Aggregate announced the appointment of Caner, who had advises Aggregate’s owner and top management since its inception in 2015, as new CEO in July last year, the firm said.

Adler has faced a liquidity crisis because of the downturn in the German property market, among other reasons, with the High Court of Justice of England and Wales approving a restructuring plan in April.

Last year, BaFin found accounting shortcomings during its audit of the consolidated financial statements of Adler Real Estate for 2019, it said.

Steps towards transparency

Michael Leinwand, VBL’s chief investment officer, has given details on the pension fund’s investment strategy in an interview with IPE, mentioning the new strategic asset allocation, targets in private debt, private equity, and real estate, sustainable and impact investing.

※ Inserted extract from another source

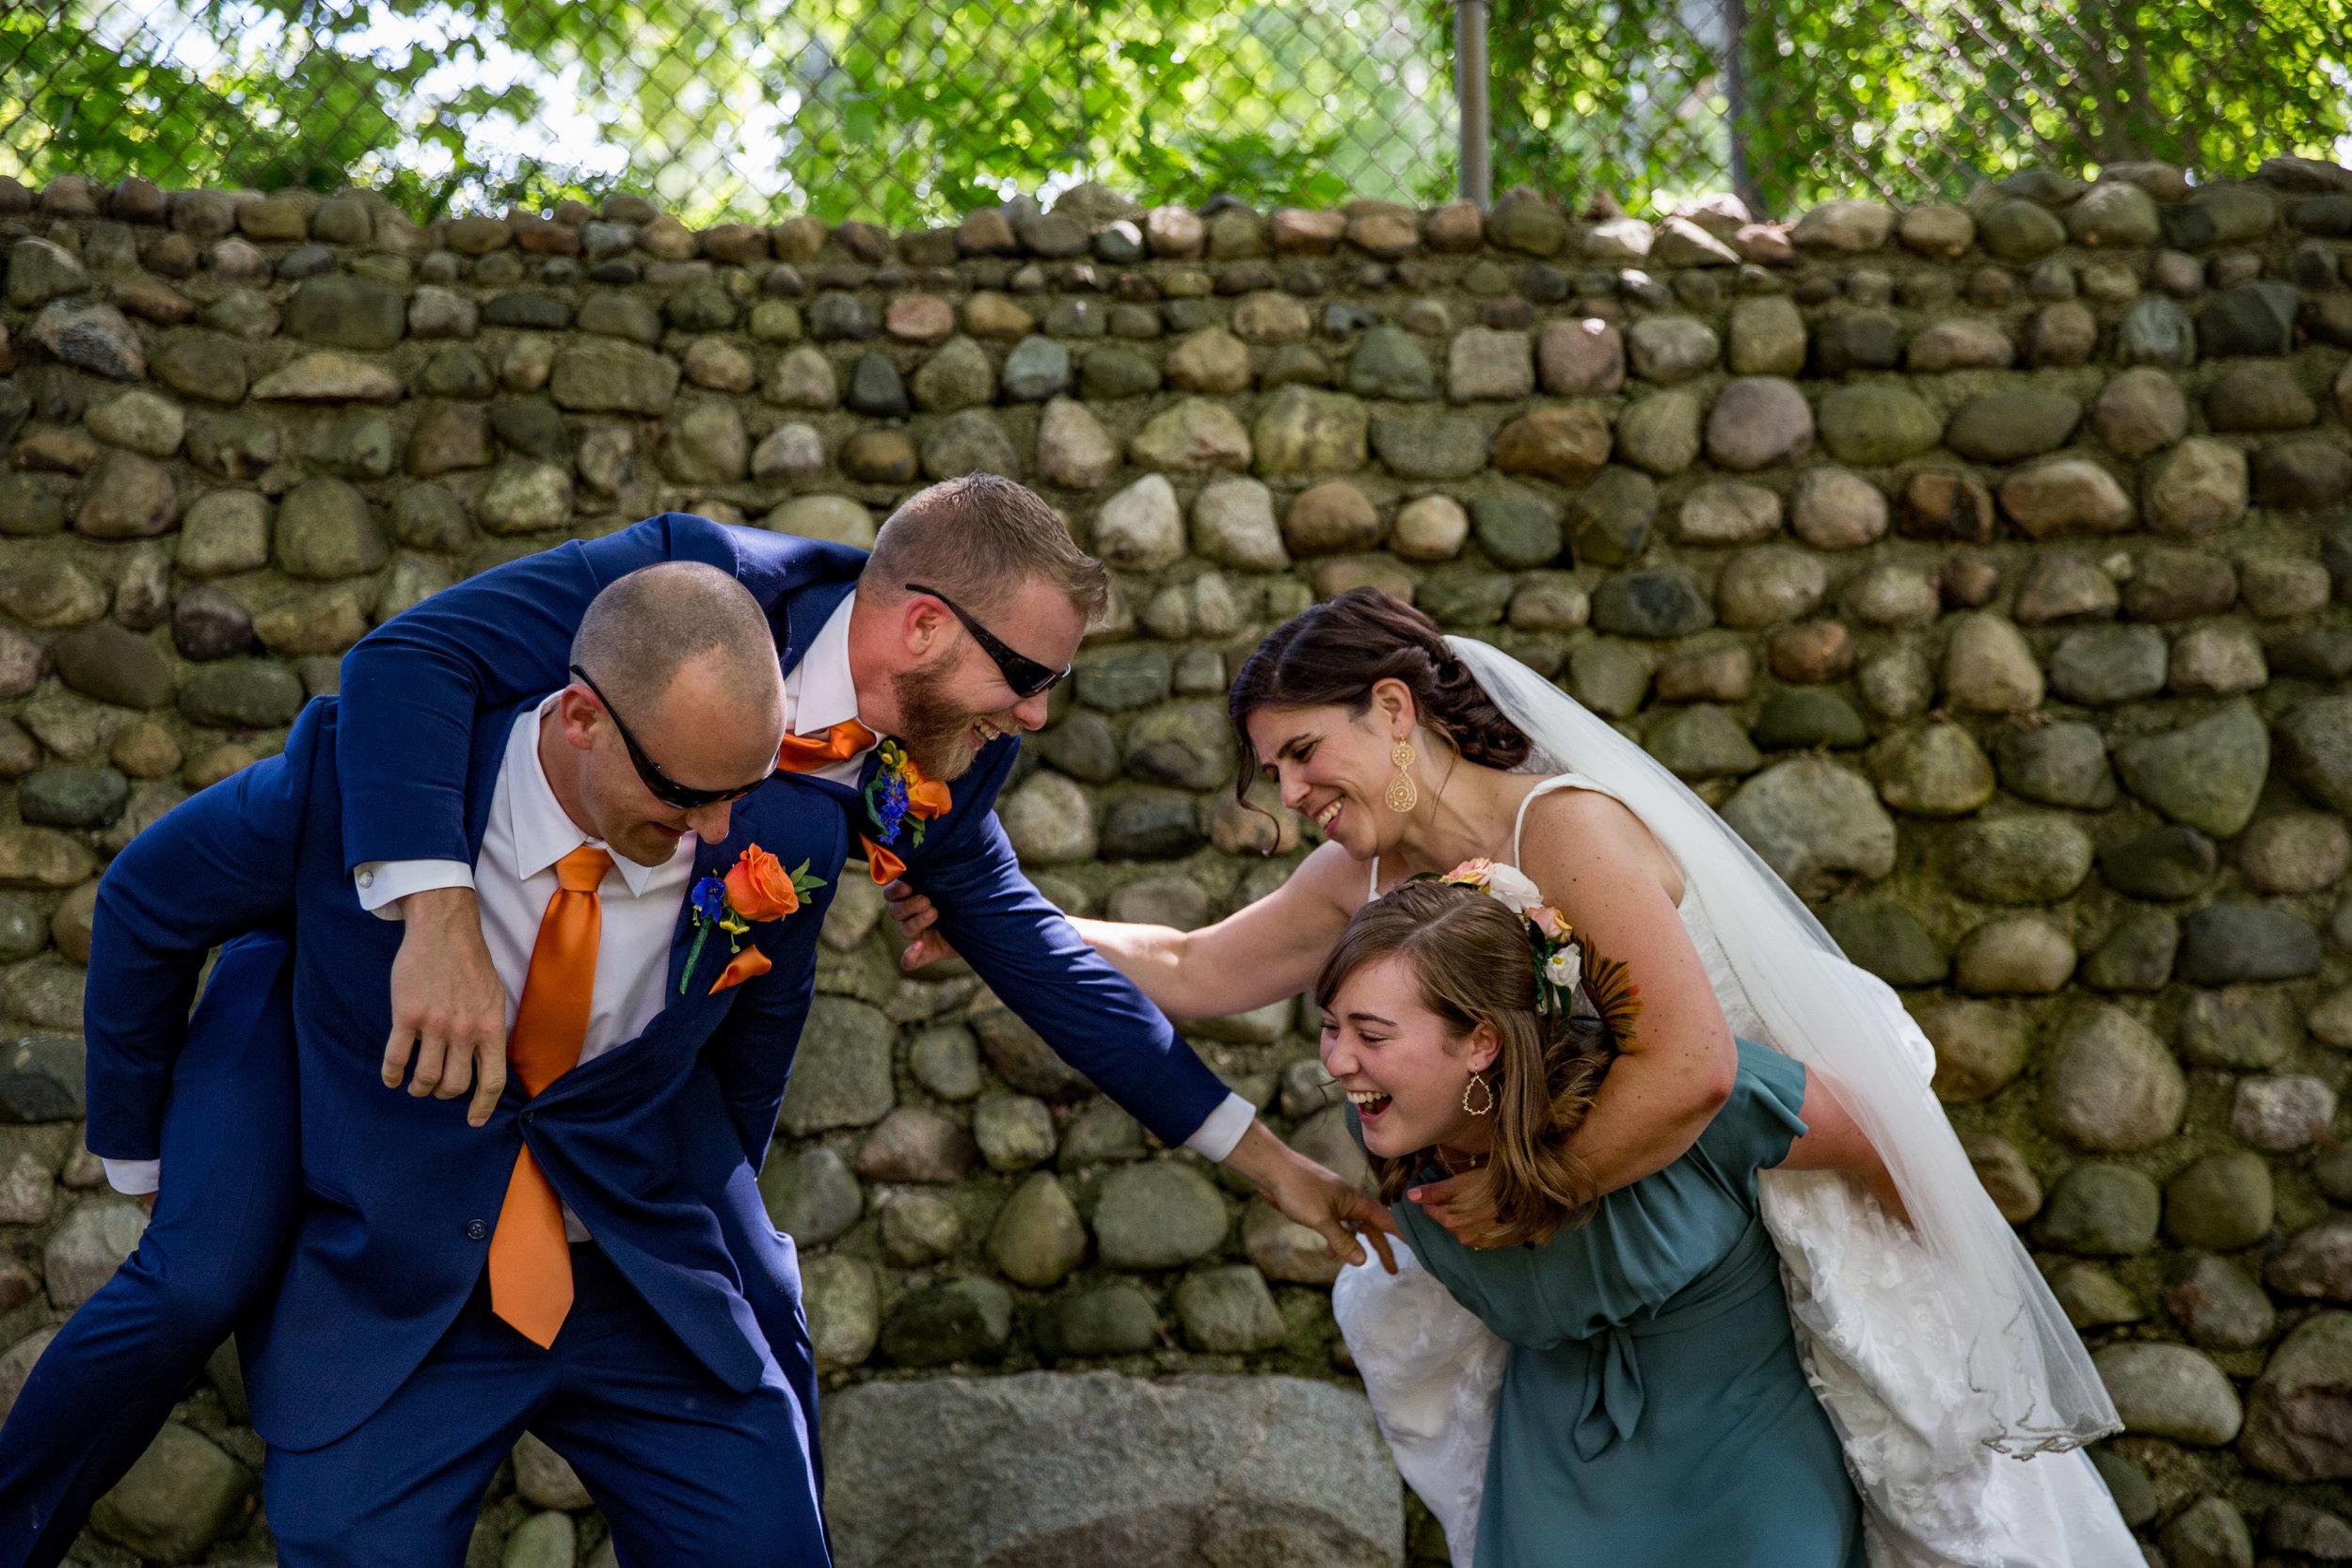 Natalie and Dallas Mooney Wedding 6-8-19_Tania Watt Photography-373.jpg

“Alternative forms of investment allow VBL to diversify more broadly [in terms of] investment strategy, and offer an interesting risk/return ratio,” the spokesperson for the finance ministry said.

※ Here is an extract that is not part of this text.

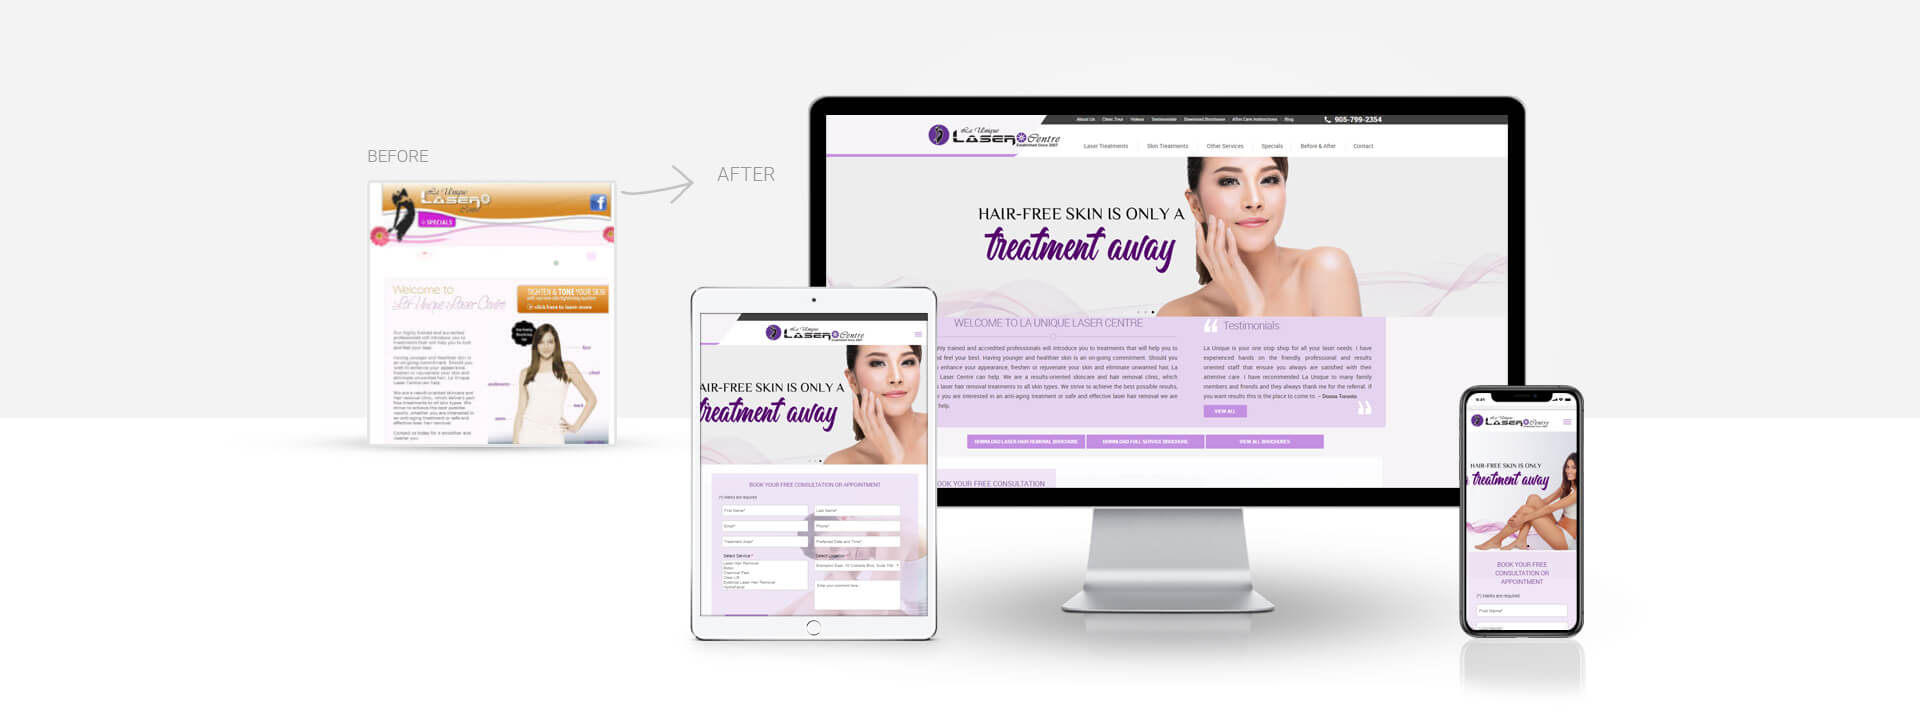 Wordpress beauty and laser center website

Less liquid investments offer the opportunity for additional premia, but the risks of these investments must be considered as part of the strategic asset allocation, both in advance, in the modeling phase, and in the implementation phase, as part of the risk-bearing capacity of the institution as a whole, currently taken into account by VBL, the spokesperson added.

SustainVBL is not in principle against investment in private markets if, however, VBL is supervised properly by the finance ministry and BaFin, disclosing these types of investments.

“But here we are in a situation where, for example, the finance ministry does not have an idea of what is happening with the investments. This situation is problematic, also for the members whose money is at stake. The reasons for such “alternative” investments have to be disclosed, and who is responsible for them. The finance ministry should look closely at these investments and the general investment strategy of VBL,” Schultz continued.

VBL has also reviewed its responsible investment strategy to cut CO2 emissions in its equity and corporate bond portfolios, excluding from the pool of invested companies generating more than 25% of their revenues from coal.

This is a step forward but not enough, according to SustainVBL, as oil and gas companies are still part of the investment portfolio, rules are vague and its implementation hard to verify. VBL has recently joined the UN Principles of Responsible Investments (PRI).

“This approach makes sense, but only if we can check that it is consequently implemented in reality. On sustainable investment, for us would be appropriate to inform the members once a year, at the end of the year. There can be no sustainability without transparency,” Schultz said.